# Arron Franklin's New Book



## Last Drift (Jun 30, 2009)

I just finished reading Arron Franklin's " A MEAT SMOKING MANIFESTO"

I must say that is this is the best informational BBQ book I have ever read. He gives up many of his trade practices detail and picture, which surprised me. I think its really a must read for BBQ folks of all skill levels and highly recommend you guys get a copy. No I do not work for him or have ever been to his restaurant but now that I have read it, I am going to make point to visit his place in Austin.


----------



## Reality Czech (Jul 17, 2004)

I watched two of his PBS shows and found them very interesting and informative.
The last one I saw he did a comparison on three ways to finish a brisket, foil, butchers paper or naked. I'm going to do the butchers paper on my next brisket.
I want to checkout his book also.


----------



## NaClH2O (May 25, 2004)

Reality Czech said:


> The last one I saw he did a comparison on three ways to finish a brisket, foil, butchers paper or naked. I'm going to do the butchers paper on my next brisket.

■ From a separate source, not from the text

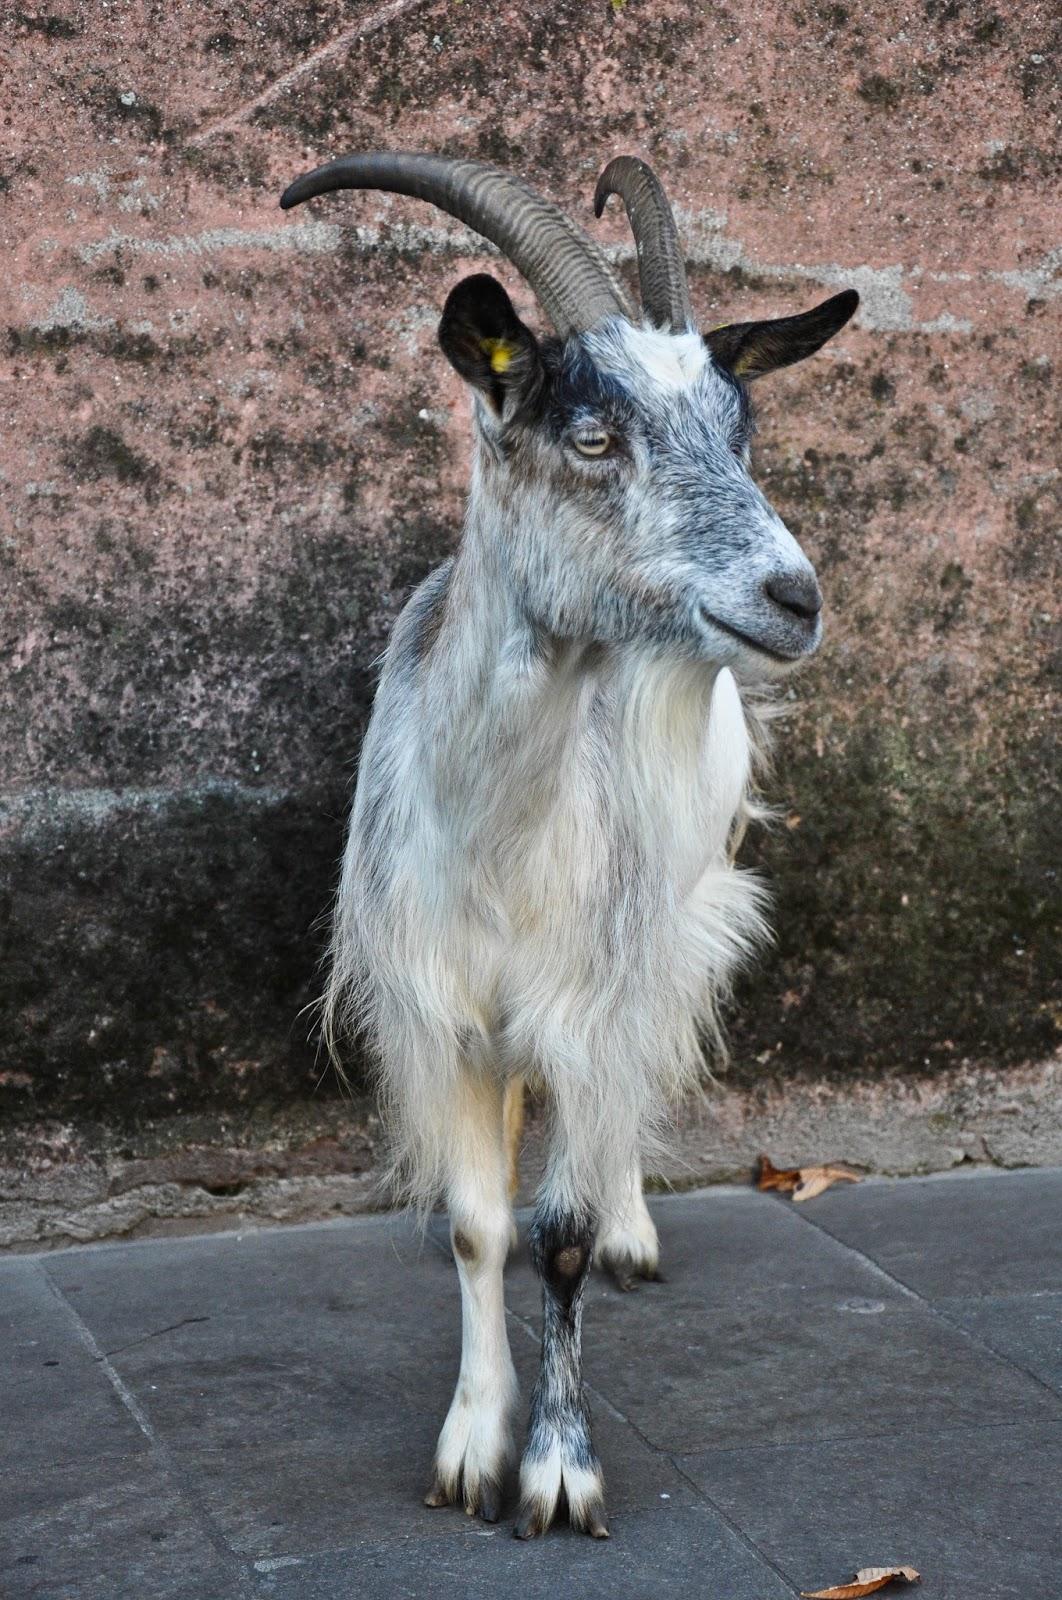 Goat, Petting Zoo, Natale di Fiaba 2015, Thiene, Italy

We have always used foil to wrap, but at our last cookoff we used butcher paper and I think they all came out a lot better. My thinking is it let the meat breathe just a little instead of steaming. We had one brisket that was the best thing I've ever tasted. Unfortunately, it was one we cooked for the public, so it didn't get turned in for competition. We cooked over 40 briskets that weekend and for some reason that one was just exceptional. It didn't look or feel any different than all the others and was cooked exactly the same. We've used foil for years and never had one that good. I'm not sure if the butcher paper had anything to do with it or not, but I'll keep trying until I figure it out.


----------



## porkchoplc (Aug 12, 2009)

His youtube channel is great. Very informative.

Ill have to pick up this book.


----------



## BrandonH (Oct 15, 2006)

Not a big reader, but do enjoy watching his videos on YouTube.


----------



## mas360 (Nov 21, 2006)

Last Drift said:


> I just finished reading Arron Franklin's " A MEAT SMOKING MANIFESTO"
> 
> I must say that is this is the best informational BBQ book I have ever read. He gives up many of his trade practices detail and picture, which surprised me. I think its really a must read for BBQ folks of all skill levels and highly recommend you guys get a copy. No I do not work for him or have ever been to his restaurant but now that I have read it, I am going to make point to visit his place in Austin.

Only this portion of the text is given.